Mr Stanhope: If you were relying on that Sheen report, there is no wonder about it, Minister.

MR SMYTH: Mr Stanhope interjects that if I was relying on something like the Sheen report it is no wonder. If the Sheen report is that flawed, if the Sheen report is that important, why were there no questions on such an important issue in the competition policy area? There were none.
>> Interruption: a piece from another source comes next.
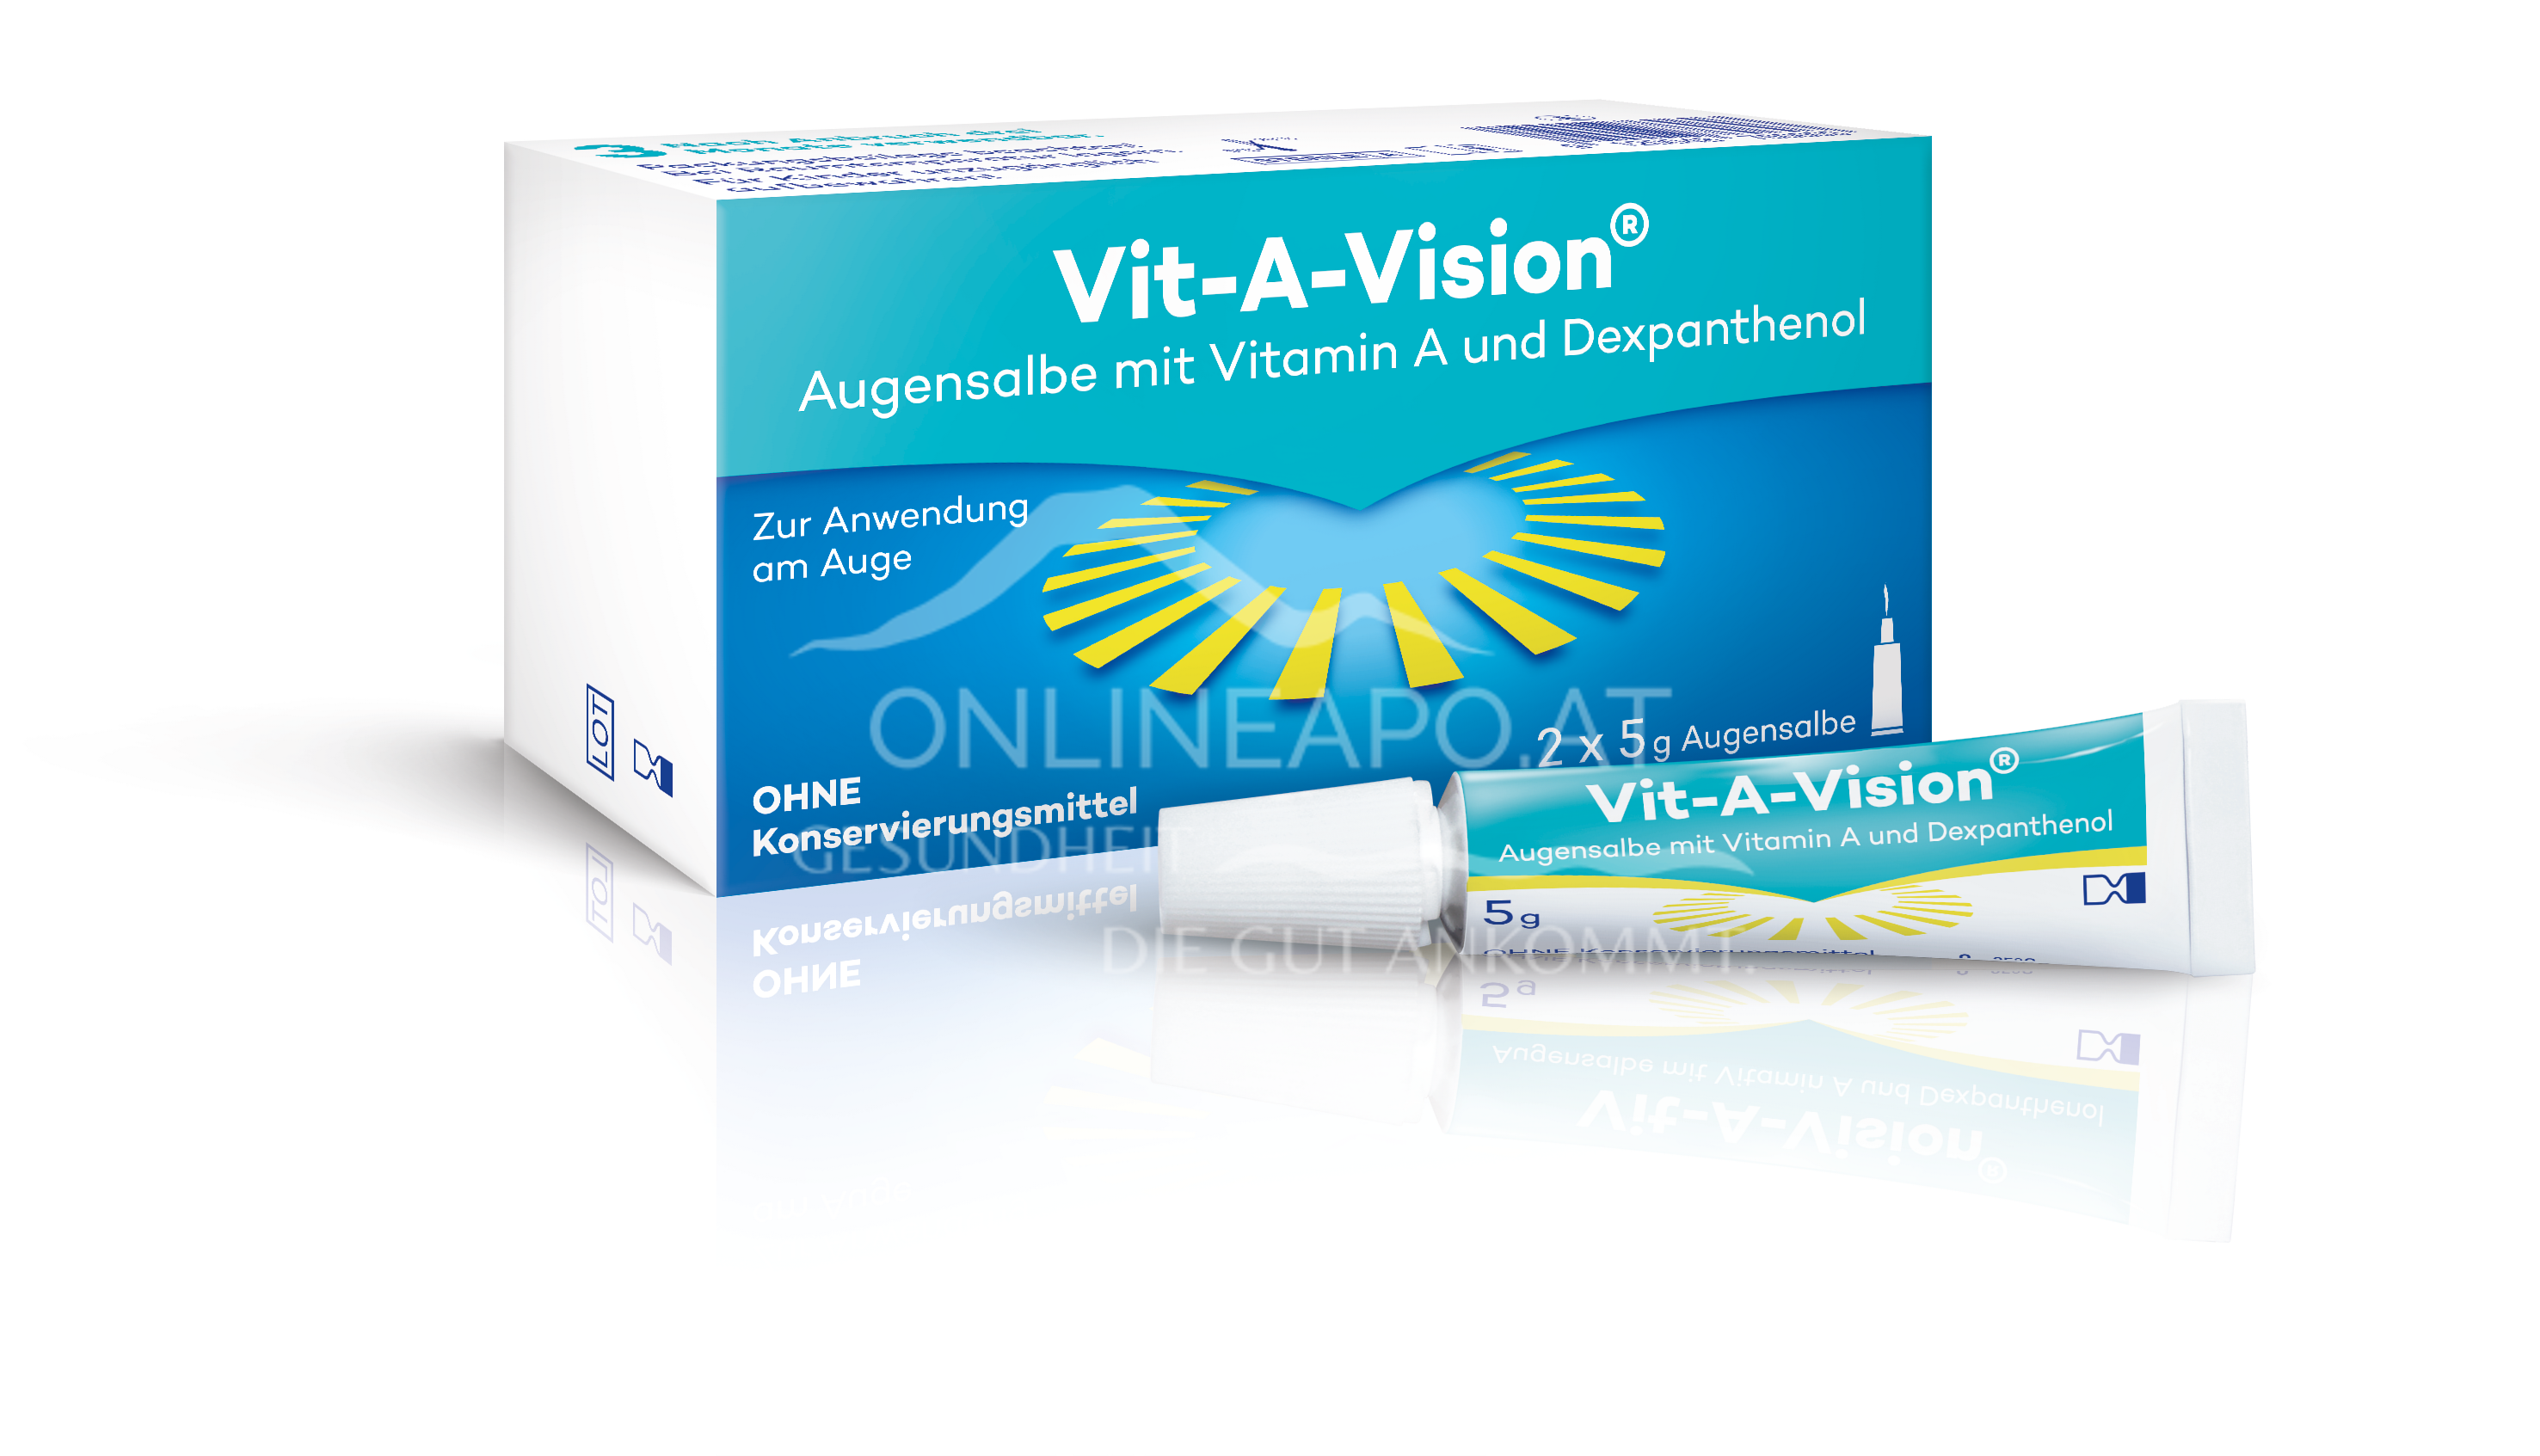 Vit-A-Vision® Augensalbe 2x5g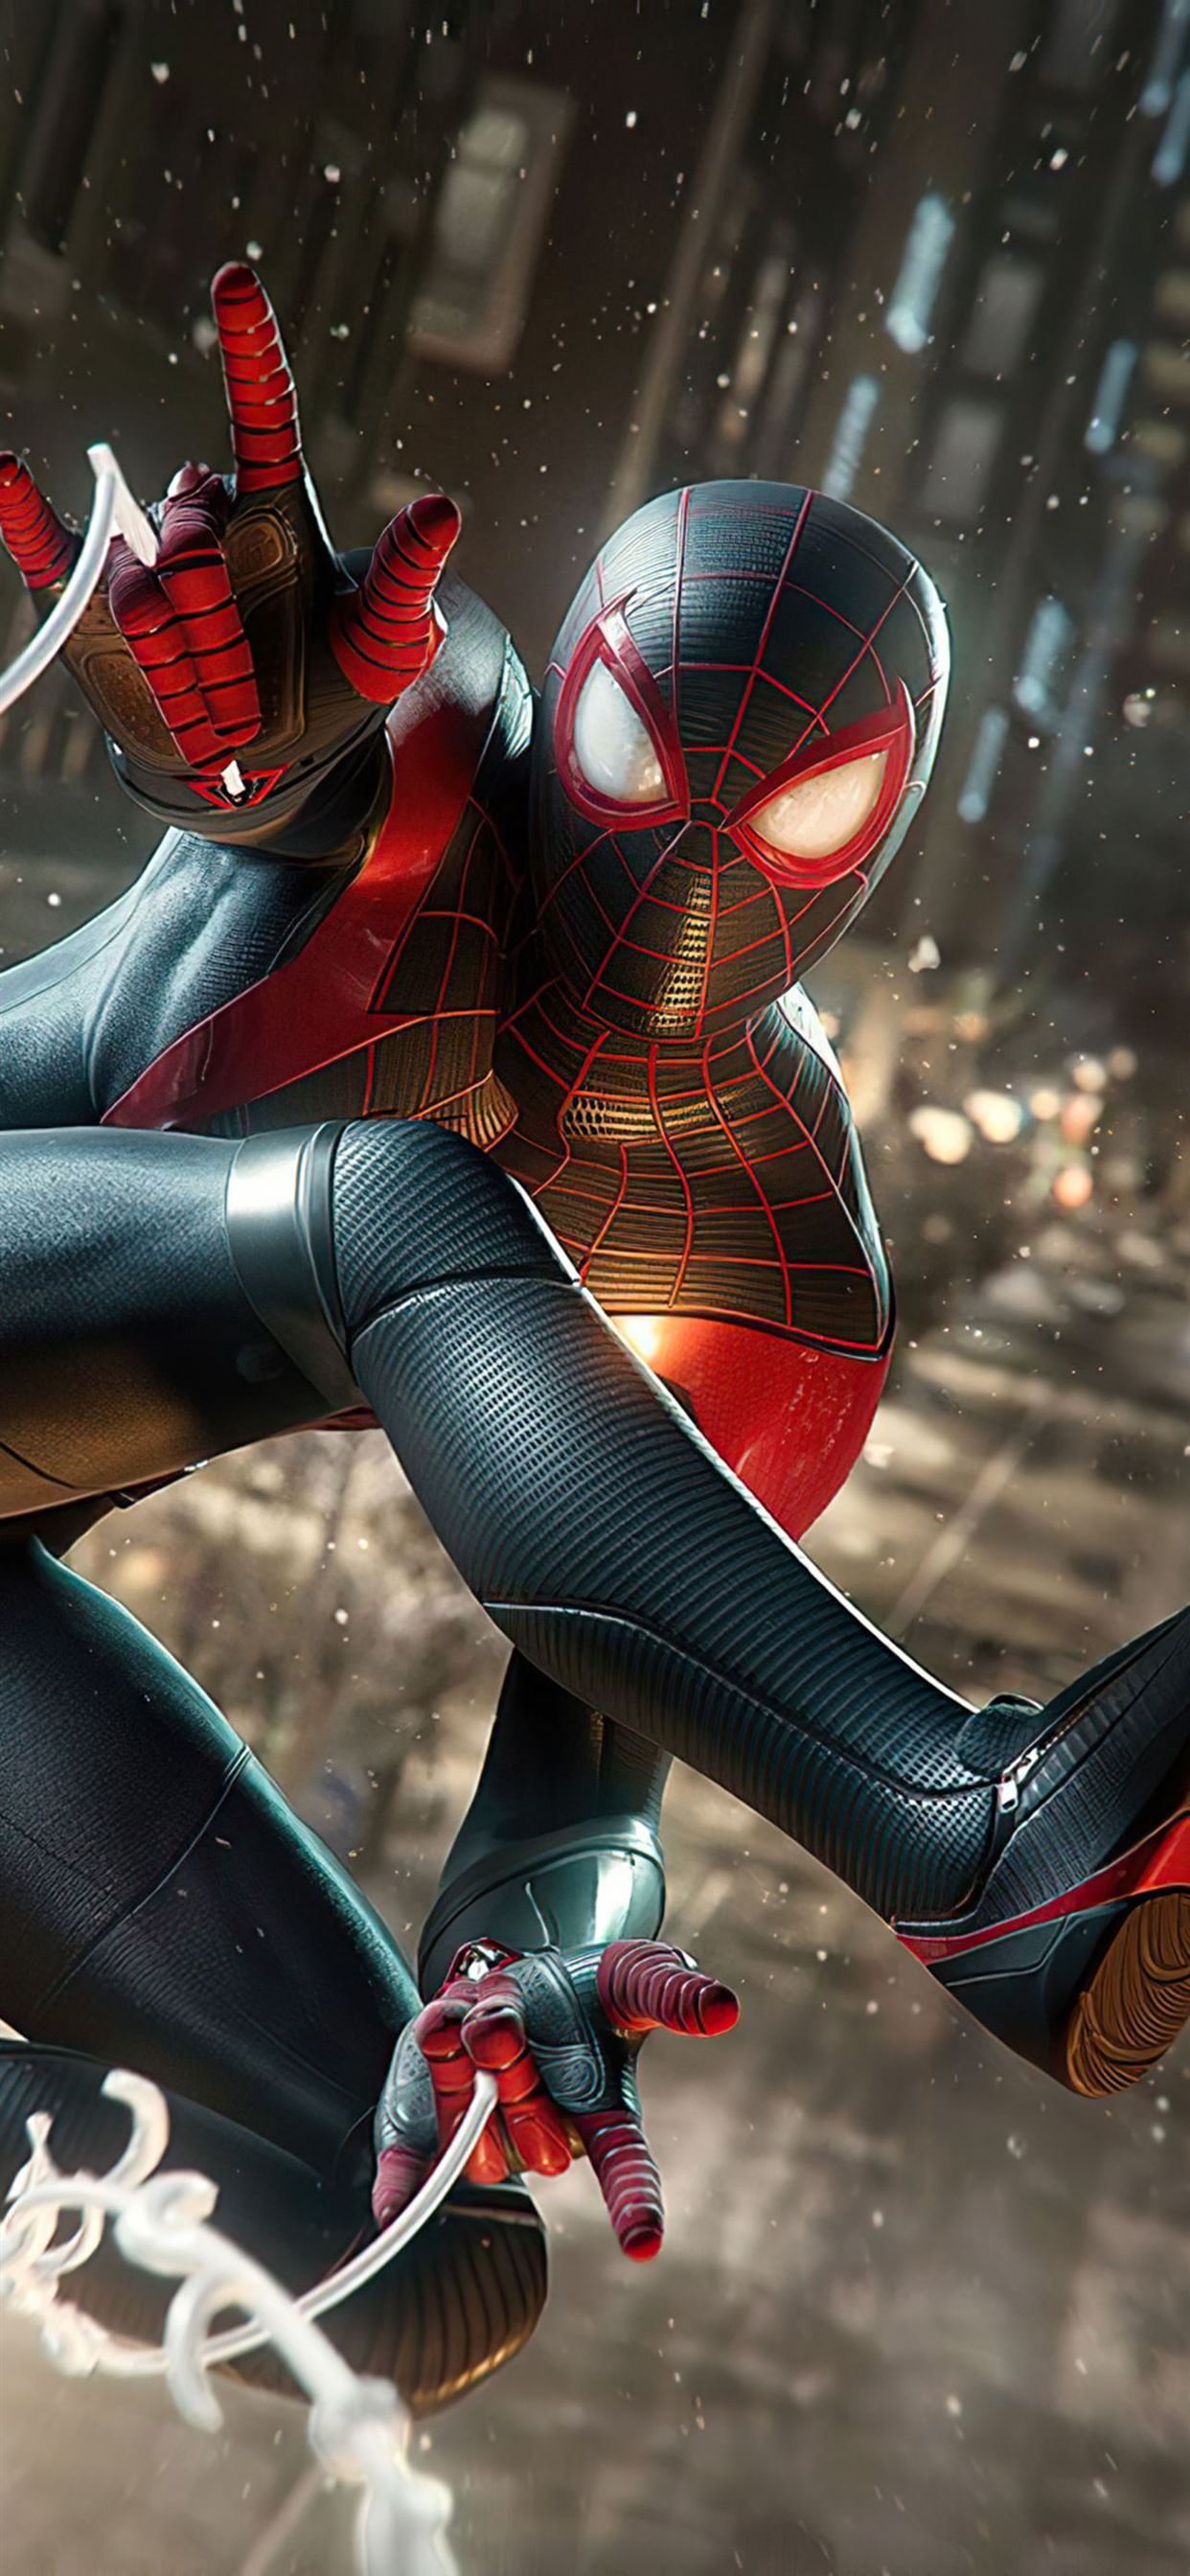 marvels spiderman miles morales 4k 2020 iPhone 11 Wallpaper Free Download

Mr Corbell spoke largely on environmental issues. I thank him for his points. There is this constant harping on the figures relating to Tidbinbilla. The original figure was an estimate. It was based on a number of vehicles and a calculation that each vehicle at different times of the year carried a certain number of passengers. He dismisses the bushfire season and the number of total fire bans as being unimportant. He dismisses the 23 days. In some of the peak periods for the parks the parks were closed, such as over Christmas, over holidays, on weekends - times of extremely high usage for the parks - and on either side of those total fire ban days. The effects of the drought and the hot spell certainly did not go away. Perhaps it is as simple as that the weather was not as conducive for going to Tidbinbilla as it would normally be. We have work ahead of us and we are working towards making sure that the experience of Tidbinbilla is as excellent as we can make it. We have a world-class natural resource. What we will do through this budget is add to that a world-class visitor experience, Mr Speaker. It is very important that people know that this place is so close to Canberra, only 20 minutes away.

Mr Hargreaves, I think, started by saying it was not his role to come up with suggestions or solutions. That is curious because I heard Mr Berry say in an address to a group of school students the other day that they saw themselves as the alternative government and they were there putting their case. We hear nothing of this.